Several days ago I was on break at work, sitting in the break room and reading a book of some sort when a woman who works there walked in and hurriedly closed the door, looking around and saying to no one in particular, “Whew. There’s a woman in the hallway that I’ve been avoiding for the last month and I almost ran into her.” I had headphones in so even though I heard what she was saying I didn’t think much about it. She sat down at one of the computers in the room and began to browse the web. A minute or two later the door opened and another of the staff poked her head in and said to someone outside, “Here she is!” before stepping back and admitting a tall, gray haired woman who walked over to the first woman, smiling with what seemed to be genuine friendliness said, “Hey! I’ve been trying to catch you for the past few weeks. How are classes going?”
By now I’d been drawn out of the book I was reading somewhat and saw the first woman at the computer visibly tense and, refusing to look the other woman in the face, replied with a sullen, monosyllabic, “Good.” The newcomer proceeded to ask the normal questions that are asked of someone who you haven’t seen for awhile and the woman at the computer continued her sullen refusal to properly address her questioner. It was like watching a parent attempt to make conversation with an angry teenager, despite the fact that both of these women were in their late thirties. To be honest, I was in awe of the rudeness of the first woman. She was clearly refusing to deal with whatever conflict had come between the two of them. Instead of taking the time to repair what was broken she had decided it was easier to dispose of the relationship altogether, even if that meant running and hiding in a side room in hopes of avoiding conversation.
Trash the relationship
Ever buy something from those vending machines in the entryways to the grocery stores? 25 cents gets you a plastic ring that lights up when you shake it. The problem, is when it drops or gets stepped on it breaks with almost no encouragement. You don’t spend an hour carefully taping the broken pieces back together or attempting to weld it back into place. It was only 25 cents. You can get another one with less effort.
If my experience and the story above is any evidence, that’s our default way for dealing with relational conflict. Just throw the thing away. Avoid the person. Find a different group of friends, a different place to hang out. Rather than doing the hard work of restoring what has been broken just replace it with something new.
As Jesus followers this kind of cheap, quick escape from conflict isn’t an option. Jesus tells his disciples to forgive seventy times seven. When Peter denies Jesus Jesus doesn’t just act like Peter doesn’t exist any more. Instead he directly addresses the issue and does the humbling work of offering forgiveness. Jesus even addresses his betrayer Judas directly, telling him to do what he needed to do. And when he’s on the cross being mocked Jesus doesn’t simply ignore the people around him and enter into his own world. No, he cries out to the father for their forgiveness.
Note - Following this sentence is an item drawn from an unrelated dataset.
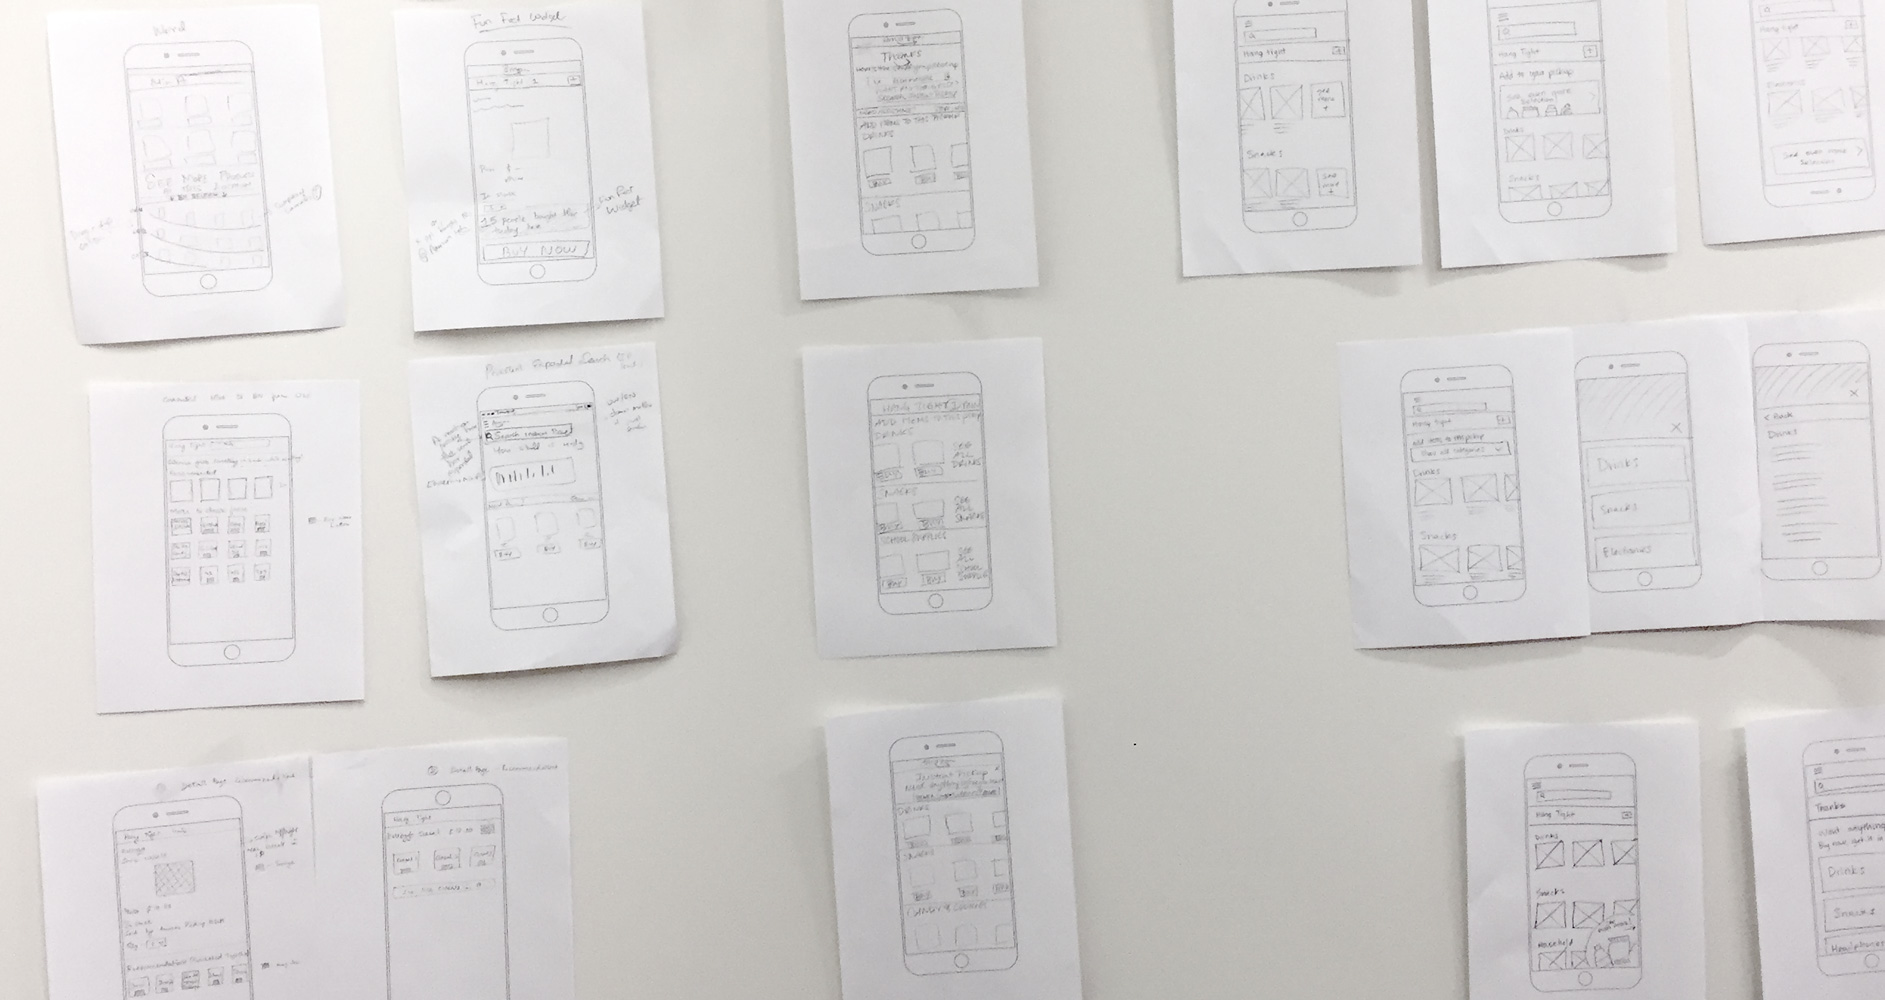 UW-sketches.jpg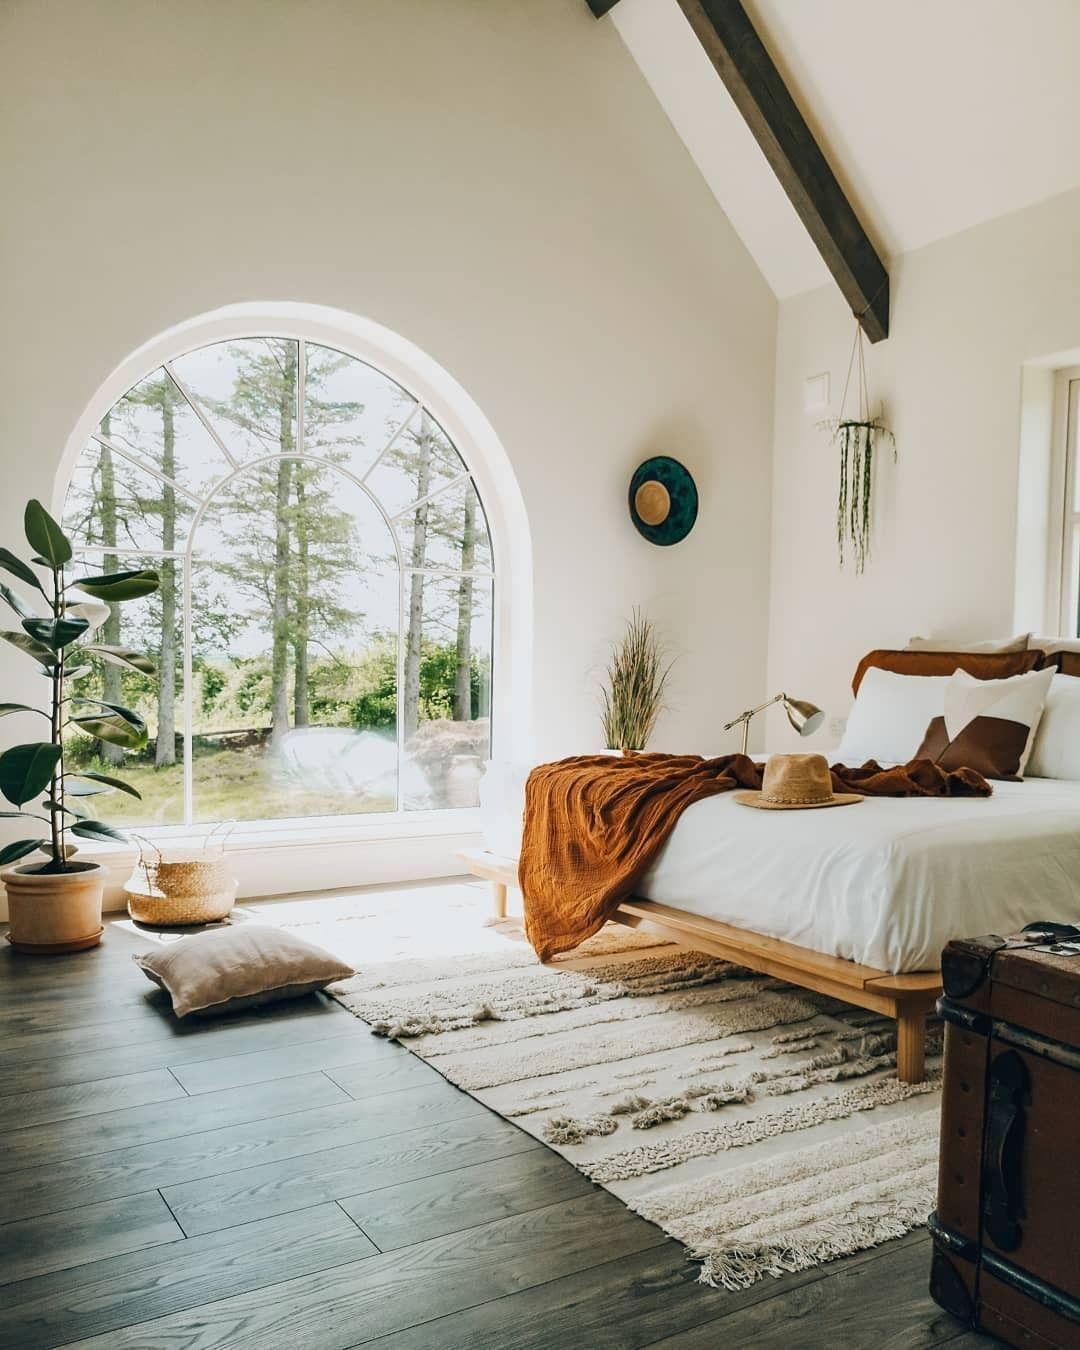 Retro Slaapkamer Ideeen.Mylovelyhome Nl On Instagram Goedemorgen Allemaal Wat Een

If we’re Jesus’ disciples we don’t get to treat people like vending machine toys that can be replaced whenever they break on us. Trashing a relationship just to avoid conflict isn’t an option. Instead we follow our leader’s example and do the hard and often painful work of attempting to fix the broken pieces and restore the relationship.
Fix the broken pieces
For my friends and family in Threshingfloor, this is a word directly for you. If we are going to reach the 70,000 young adults in the Fargo-Moorhead area, we need to be a people who don’t trash friendships when things get tough.
In our communities there will be conflict. When that moment comes you will have the choice to either trash things by leaving the community to go elsewhere, avoiding conversation with that person or those people, or by entertaining bitter thoughts about how they were the one who wronged you and they need to initiate the restoration. Those options will all seem infinitely easier than doing as Jesus has called us to. Don’t let Satan and your flesh have the victory! Instead, in all things, look to Jesus. See how he gave his very life in order to fixwhat was broken between us, and follow his Spirit as he leads you to do the same. It won’t be easy, but there will be a much greater joy.
Let’s be a people who break down the dividing walls of hostility and as we join together as the family of Christ, grow into a dwelling place for God. Then and there I believe we will see God’s power work in miraculous ways to bring salvation and healing to our generation and beyond.
2 Comments
Ben,
You hit the bulls eye! So many people avoid the conflicts and as a result “trash” the relationship. With Christ, we can be so much more than this!
For His Glory!
Pastor Glen
Well said, Ben. so glad you took the time to write your thoughts here!